The system didn't work, and its failure came just as the 1994 holiday season was going into high gear. Sales were at an all-time high, but the deluge of orders had to be hand-picked from warehouse shelves.
``It was impossible to pick product efficiently,'' Beltrame says. ``It cost millions in lost sales.
``One of the things I said was, `Well, you people preach this [motivational] stuff, but it doesn't look like you're using it very well in your own business because you're going down the tubes.'''
One of the first things he did, Beltrame says, was put one of the company's original little black and white posters up on company walls.
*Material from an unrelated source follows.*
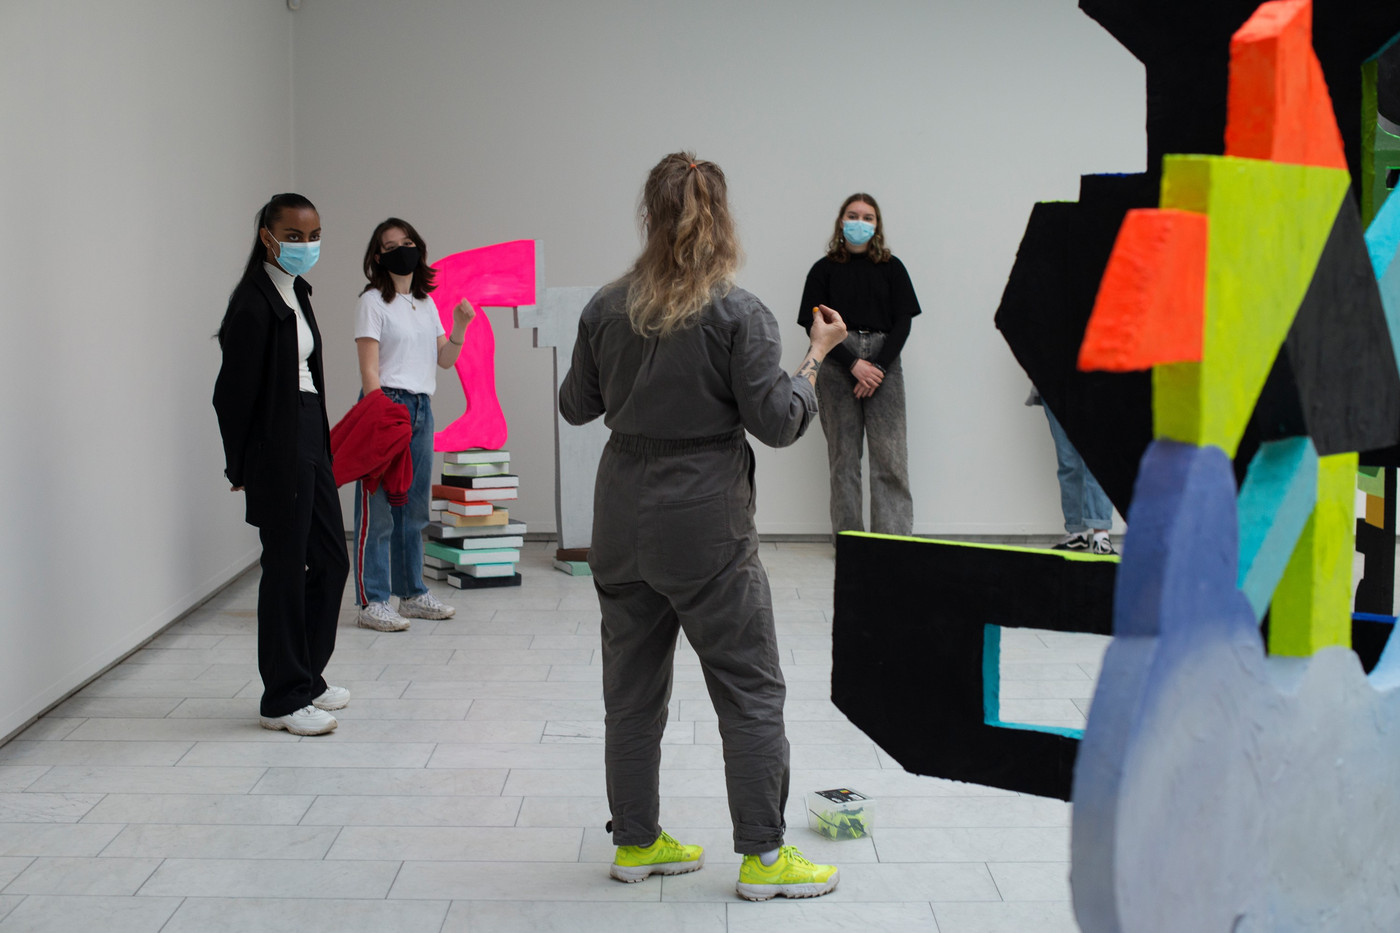 Gruppa besøker kunstner Elise Storsveen i utstillingen på Kunstnerforbundet.

It says, ``Do it right the first time.''
Beltrame took over as president in June 1995. Anderson retained the position of chief executive officer.
``Mac basically does the product development - his greatest strength is his vision - and he handles shareholder relations,'' Beltrame says. ``I run the company day to day.''
Beltrame initially cut between 25 and 30 percent of the more than 300 office and manufacturing employees, replacing many of them with new personnel, including a new management team. A second restructuring occurred a couple of months ago, with about 30 additional layoffs.
Recently, the company began building a facility in Aurora, Ill., that will bring all operations under one roof by next spring and will save the company $400,000 to $500,000 a year in rent, Beltrame says.